4. **Activation Function**: Sigmoid function (non-linear) for each layer except the output layer. This will allow us to compute gradients smoothly.
   
5. **Loss Function**: Mean Squared Error (MSE), given by:
   $
   MSE = \frac{1}{N} \sum_{i=1}^{N} \sum_{j=1}^{10} (y_{ij} - \hat{y}_{ij})^2
   $
   where $ y_{ij} $ is the true output (1 if the digit is $ i $, 0 otherwise) and $ \hat{y}_{ij} $ is the predicted output for each of the 10 output neurons.

---

### Solution Approach

1. **Data Preparation**:
   - **Dataset Creation**: Use the 7-segment code table to create an input-output dataset.
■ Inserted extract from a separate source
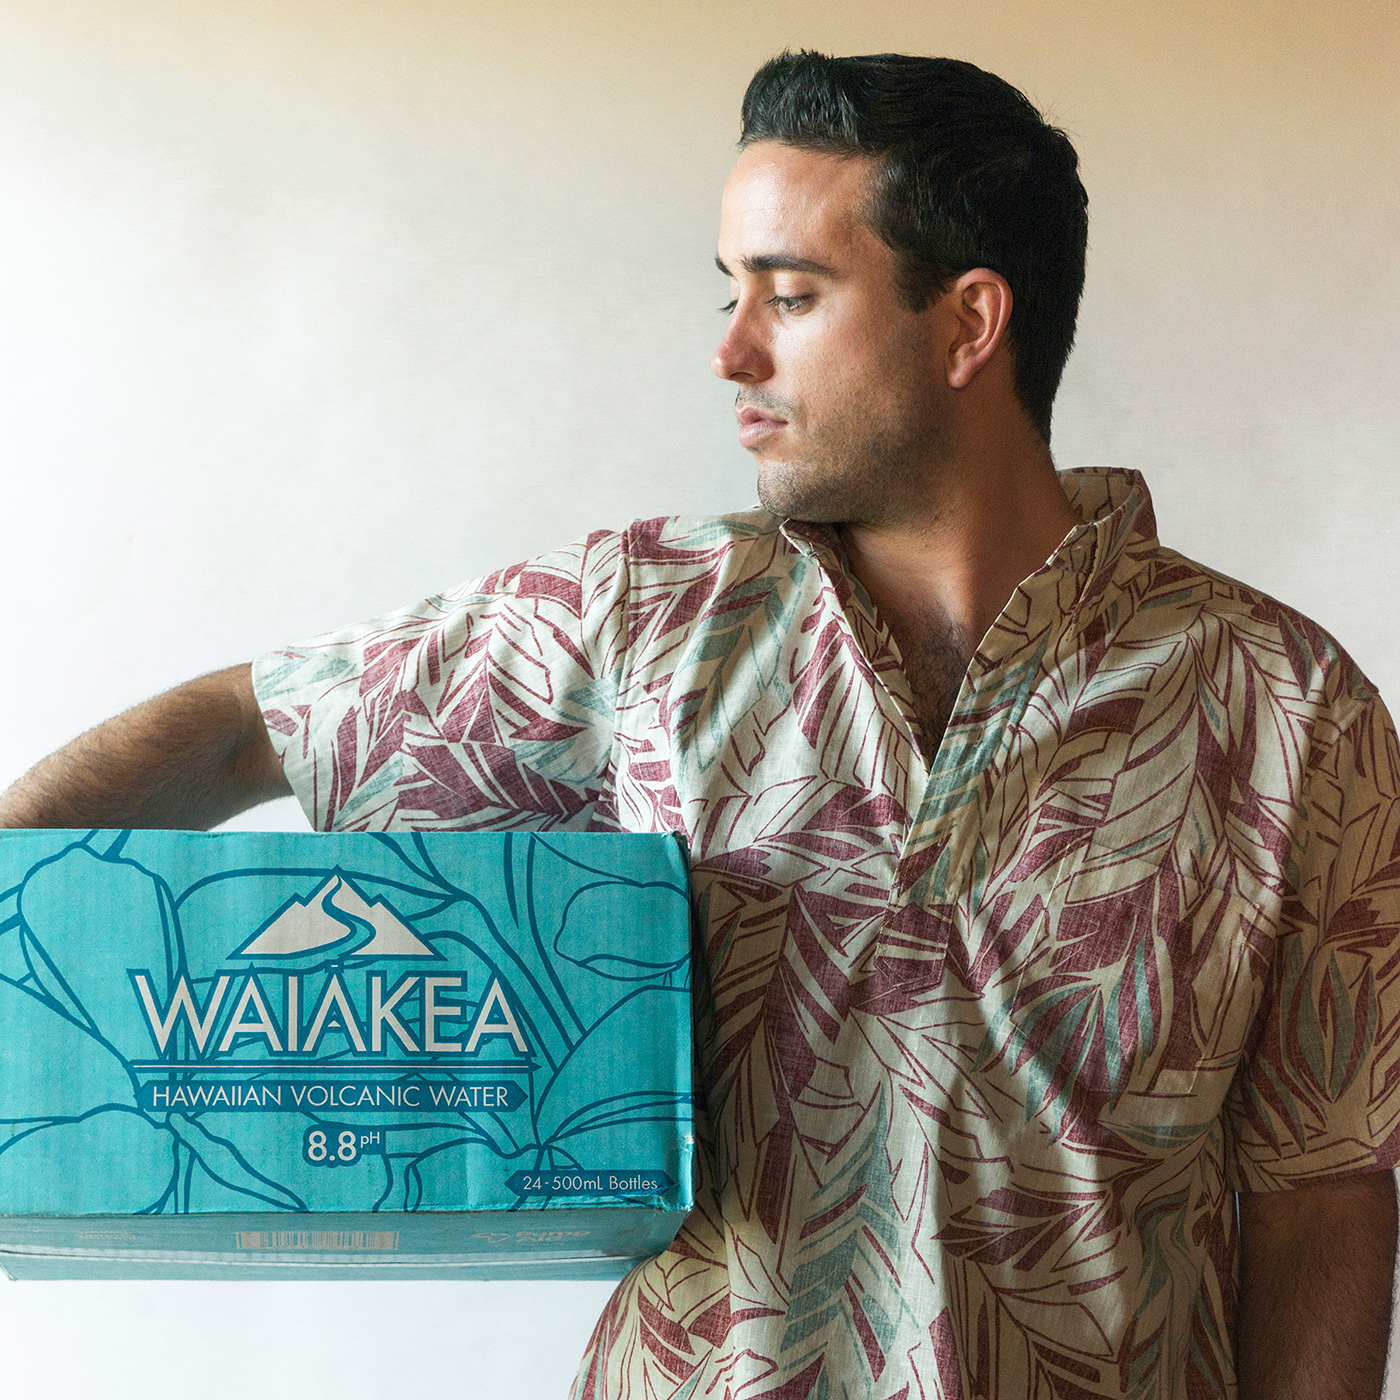 man holding case of WAIĀKEA

Each digit (0-9) will have a binary input vector of 7 segments and a one-hot encoded output vector of 10 values.
   - **Training Data**: Since the patterns are fixed, we may create data pairs (input, output) for digits 0-9.
   - **Data Augmentation** (if needed): Introduce slight noise to the 7-segment code for robustness (optional).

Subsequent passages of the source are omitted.